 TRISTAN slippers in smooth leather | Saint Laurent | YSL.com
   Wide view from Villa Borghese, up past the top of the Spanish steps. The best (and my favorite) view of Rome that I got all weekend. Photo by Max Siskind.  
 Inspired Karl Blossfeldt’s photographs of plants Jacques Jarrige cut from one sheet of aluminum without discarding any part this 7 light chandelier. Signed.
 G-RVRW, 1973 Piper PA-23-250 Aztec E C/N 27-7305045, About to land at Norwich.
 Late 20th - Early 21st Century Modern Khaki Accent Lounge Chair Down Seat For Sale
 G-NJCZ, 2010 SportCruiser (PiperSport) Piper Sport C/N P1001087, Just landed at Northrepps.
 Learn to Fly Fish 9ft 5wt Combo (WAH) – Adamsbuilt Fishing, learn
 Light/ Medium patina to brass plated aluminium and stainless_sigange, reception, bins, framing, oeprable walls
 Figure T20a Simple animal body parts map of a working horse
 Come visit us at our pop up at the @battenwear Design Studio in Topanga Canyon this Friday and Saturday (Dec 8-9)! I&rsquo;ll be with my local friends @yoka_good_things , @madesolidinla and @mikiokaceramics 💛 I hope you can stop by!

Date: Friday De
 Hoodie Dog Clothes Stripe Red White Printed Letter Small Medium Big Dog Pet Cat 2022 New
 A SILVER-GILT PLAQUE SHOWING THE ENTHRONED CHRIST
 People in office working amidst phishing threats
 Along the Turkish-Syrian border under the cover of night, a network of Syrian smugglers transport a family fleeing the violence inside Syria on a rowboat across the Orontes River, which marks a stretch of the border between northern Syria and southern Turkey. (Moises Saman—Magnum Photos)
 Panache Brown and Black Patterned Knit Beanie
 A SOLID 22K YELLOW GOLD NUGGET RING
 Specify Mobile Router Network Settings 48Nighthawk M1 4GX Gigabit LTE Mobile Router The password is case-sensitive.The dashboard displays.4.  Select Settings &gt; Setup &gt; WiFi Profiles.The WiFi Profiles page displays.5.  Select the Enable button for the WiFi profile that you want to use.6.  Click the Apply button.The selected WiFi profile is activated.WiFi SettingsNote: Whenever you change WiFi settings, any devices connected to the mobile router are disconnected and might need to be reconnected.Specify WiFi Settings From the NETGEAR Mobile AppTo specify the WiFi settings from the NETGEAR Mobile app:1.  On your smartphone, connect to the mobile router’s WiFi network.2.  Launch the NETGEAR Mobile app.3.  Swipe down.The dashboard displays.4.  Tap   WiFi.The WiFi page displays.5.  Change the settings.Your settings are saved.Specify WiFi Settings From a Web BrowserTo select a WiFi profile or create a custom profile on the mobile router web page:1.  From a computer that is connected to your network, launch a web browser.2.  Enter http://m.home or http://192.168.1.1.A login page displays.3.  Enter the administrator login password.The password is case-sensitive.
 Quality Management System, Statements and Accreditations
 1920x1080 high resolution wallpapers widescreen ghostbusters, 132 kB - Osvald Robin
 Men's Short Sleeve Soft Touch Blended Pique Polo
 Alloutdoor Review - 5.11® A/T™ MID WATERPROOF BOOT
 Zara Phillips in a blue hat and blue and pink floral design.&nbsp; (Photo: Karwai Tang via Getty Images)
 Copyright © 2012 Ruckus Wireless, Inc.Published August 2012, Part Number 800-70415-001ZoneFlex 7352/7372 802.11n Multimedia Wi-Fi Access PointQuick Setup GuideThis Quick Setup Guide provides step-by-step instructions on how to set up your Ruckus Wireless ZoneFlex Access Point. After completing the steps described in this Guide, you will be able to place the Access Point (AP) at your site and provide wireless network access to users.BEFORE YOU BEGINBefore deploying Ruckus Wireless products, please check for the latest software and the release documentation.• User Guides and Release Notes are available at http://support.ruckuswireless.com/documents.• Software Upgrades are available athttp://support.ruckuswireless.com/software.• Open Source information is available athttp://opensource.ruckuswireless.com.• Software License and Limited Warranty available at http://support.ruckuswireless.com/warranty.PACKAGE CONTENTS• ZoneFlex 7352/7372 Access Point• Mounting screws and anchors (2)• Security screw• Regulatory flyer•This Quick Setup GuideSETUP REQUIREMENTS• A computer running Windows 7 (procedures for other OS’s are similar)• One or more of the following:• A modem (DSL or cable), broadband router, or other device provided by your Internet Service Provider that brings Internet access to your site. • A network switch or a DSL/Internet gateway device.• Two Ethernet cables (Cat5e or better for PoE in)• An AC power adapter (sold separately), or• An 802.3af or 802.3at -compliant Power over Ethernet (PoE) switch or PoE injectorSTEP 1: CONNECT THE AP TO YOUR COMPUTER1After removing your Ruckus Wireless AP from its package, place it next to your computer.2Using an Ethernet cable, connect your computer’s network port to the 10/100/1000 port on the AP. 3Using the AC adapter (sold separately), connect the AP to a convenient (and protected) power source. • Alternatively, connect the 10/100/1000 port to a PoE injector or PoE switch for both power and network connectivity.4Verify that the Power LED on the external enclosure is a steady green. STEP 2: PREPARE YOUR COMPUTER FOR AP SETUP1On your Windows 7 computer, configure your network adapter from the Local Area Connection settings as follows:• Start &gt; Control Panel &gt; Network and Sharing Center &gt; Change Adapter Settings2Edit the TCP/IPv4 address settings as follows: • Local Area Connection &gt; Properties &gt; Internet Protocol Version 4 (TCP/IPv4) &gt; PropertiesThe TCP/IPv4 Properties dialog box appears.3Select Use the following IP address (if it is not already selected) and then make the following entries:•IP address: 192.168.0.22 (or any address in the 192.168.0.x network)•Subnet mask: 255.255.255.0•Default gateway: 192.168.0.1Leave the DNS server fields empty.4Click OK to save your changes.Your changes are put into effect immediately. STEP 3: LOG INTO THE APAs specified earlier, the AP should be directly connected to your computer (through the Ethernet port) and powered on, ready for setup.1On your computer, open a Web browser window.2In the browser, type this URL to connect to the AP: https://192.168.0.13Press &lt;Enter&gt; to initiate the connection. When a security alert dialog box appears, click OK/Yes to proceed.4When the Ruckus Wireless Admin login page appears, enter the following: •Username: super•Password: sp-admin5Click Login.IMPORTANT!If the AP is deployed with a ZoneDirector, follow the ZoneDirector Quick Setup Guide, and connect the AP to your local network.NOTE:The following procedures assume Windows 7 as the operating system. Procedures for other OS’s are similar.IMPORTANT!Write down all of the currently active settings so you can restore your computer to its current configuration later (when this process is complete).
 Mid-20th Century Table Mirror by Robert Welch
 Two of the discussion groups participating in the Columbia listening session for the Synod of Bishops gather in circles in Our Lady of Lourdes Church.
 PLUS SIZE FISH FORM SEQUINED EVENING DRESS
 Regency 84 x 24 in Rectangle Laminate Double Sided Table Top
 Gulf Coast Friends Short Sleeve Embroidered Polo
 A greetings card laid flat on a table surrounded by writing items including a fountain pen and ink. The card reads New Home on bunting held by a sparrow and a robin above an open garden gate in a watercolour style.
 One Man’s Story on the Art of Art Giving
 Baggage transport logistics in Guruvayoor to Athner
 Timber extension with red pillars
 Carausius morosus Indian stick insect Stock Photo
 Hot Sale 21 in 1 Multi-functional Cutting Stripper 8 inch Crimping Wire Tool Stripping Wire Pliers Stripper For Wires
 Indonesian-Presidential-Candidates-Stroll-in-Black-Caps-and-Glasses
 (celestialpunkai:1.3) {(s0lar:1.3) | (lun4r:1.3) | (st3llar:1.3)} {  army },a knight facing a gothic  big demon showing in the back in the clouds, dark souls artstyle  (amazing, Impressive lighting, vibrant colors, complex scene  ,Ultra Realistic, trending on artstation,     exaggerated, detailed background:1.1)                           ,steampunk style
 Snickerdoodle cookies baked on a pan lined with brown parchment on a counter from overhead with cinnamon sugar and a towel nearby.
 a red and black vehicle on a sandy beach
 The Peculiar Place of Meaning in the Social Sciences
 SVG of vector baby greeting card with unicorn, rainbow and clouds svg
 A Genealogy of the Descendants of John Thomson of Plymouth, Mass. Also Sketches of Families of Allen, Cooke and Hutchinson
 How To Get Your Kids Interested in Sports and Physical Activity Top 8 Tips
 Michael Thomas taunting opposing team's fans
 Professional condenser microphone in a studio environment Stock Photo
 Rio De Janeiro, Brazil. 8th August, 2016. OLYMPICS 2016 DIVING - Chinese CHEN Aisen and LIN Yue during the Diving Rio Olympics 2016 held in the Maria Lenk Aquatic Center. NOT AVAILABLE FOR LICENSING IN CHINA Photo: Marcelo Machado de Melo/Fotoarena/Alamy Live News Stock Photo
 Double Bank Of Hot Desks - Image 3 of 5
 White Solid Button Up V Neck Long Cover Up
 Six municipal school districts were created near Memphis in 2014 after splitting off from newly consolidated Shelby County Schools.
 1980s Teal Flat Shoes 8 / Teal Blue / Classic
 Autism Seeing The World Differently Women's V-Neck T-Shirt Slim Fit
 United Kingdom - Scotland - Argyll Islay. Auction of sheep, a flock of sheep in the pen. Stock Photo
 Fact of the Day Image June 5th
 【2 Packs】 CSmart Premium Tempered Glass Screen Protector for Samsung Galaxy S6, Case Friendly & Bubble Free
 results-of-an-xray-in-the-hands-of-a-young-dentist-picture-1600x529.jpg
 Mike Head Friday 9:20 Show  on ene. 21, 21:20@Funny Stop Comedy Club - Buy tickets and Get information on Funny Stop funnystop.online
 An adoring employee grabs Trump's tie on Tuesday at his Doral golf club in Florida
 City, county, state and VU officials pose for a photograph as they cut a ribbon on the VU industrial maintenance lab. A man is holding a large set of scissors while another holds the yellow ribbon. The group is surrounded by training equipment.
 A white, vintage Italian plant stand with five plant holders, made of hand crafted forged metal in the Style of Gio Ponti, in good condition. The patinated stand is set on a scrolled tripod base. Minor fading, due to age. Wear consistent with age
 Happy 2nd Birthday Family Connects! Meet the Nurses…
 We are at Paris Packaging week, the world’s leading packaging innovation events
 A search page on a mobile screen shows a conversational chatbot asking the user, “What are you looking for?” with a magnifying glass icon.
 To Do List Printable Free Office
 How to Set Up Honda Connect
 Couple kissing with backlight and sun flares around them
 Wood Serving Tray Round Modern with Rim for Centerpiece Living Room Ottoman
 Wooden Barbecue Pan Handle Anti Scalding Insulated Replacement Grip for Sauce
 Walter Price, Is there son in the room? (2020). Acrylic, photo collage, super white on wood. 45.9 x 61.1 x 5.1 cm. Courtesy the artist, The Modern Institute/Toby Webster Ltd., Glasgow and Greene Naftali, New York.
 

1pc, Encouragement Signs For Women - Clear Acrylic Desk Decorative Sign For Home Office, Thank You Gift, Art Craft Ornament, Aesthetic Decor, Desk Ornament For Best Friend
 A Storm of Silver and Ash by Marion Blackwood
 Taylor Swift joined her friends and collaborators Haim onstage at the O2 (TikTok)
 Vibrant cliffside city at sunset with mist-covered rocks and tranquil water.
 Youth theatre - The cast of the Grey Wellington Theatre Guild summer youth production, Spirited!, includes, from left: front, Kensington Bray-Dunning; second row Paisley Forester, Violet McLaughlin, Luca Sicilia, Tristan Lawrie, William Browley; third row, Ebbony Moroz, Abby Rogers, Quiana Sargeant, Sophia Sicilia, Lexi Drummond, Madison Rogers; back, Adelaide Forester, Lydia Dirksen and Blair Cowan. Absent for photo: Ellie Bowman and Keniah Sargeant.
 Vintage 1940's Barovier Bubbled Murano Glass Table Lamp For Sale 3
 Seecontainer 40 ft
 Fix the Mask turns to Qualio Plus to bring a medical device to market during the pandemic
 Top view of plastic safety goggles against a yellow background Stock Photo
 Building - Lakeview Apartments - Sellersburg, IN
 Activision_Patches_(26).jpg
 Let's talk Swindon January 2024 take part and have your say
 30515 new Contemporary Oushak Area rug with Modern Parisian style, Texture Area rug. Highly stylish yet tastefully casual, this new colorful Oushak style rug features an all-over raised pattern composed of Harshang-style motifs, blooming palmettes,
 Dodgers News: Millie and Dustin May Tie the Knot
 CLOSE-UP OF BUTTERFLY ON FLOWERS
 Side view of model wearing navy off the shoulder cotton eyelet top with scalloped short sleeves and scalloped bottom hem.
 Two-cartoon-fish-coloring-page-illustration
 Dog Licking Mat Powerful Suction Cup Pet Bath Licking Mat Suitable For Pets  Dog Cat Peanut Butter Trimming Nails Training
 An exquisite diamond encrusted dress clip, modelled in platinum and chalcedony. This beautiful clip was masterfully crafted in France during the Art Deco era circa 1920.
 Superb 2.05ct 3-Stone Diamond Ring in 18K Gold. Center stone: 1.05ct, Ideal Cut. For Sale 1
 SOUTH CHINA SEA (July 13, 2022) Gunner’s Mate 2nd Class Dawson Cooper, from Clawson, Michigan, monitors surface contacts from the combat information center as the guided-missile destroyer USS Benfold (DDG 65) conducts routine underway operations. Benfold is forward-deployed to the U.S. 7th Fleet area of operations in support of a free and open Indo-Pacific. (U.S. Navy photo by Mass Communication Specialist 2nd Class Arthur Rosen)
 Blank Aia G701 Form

- [What is required] One stretch of the lines above is wanted, from the line that contains "Happy 2nd Birthday" through the line that contains "Seecontainer 40 ft". Output it exactly.

- [Response to the task]
 Happy 2nd Birthday Family Connects! Meet the Nurses…
 We are at Paris Packaging week, the world’s leading packaging innovation events
 A search page on a mobile screen shows a conversational chatbot asking the user, “What are you looking for?” with a magnifying glass icon.
 To Do List Printable Free Office
 How to Set Up Honda Connect
 Couple kissing with backlight and sun flares around them
 Wood Serving Tray Round Modern with Rim for Centerpiece Living Room Ottoman
 Wooden Barbecue Pan Handle Anti Scalding Insulated Replacement Grip for Sauce
 Walter Price, Is there son in the room? (2020). Acrylic, photo collage, super white on wood. 45.9 x 61.1 x 5.1 cm. Courtesy the artist, The Modern Institute/Toby Webster Ltd., Glasgow and Greene Naftali, New York.
 

1pc, Encouragement Signs For Women - Clear Acrylic Desk Decorative Sign For Home Office, Thank You Gift, Art Craft Ornament, Aesthetic Decor, Desk Ornament For Best Friend
 A Storm of Silver and Ash by Marion Blackwood
 Taylor Swift joined her friends and collaborators Haim onstage at the O2 (TikTok)
 Vibrant cliffside city at sunset with mist-covered rocks and tranquil water.
 Youth theatre - The cast of the Grey Wellington Theatre Guild summer youth production, Spirited!, includes, from left: front, Kensington Bray-Dunning; second row Paisley Forester, Violet McLaughlin, Luca Sicilia, Tristan Lawrie, William Browley; third row, Ebbony Moroz, Abby Rogers, Quiana Sargeant, Sophia Sicilia, Lexi Drummond, Madison Rogers; back, Adelaide Forester, Lydia Dirksen and Blair Cowan. Absent for photo: Ellie Bowman and Keniah Sargeant.
 Vintage 1940's Barovier Bubbled Murano Glass Table Lamp For Sale 3
 Seecontainer 40 ft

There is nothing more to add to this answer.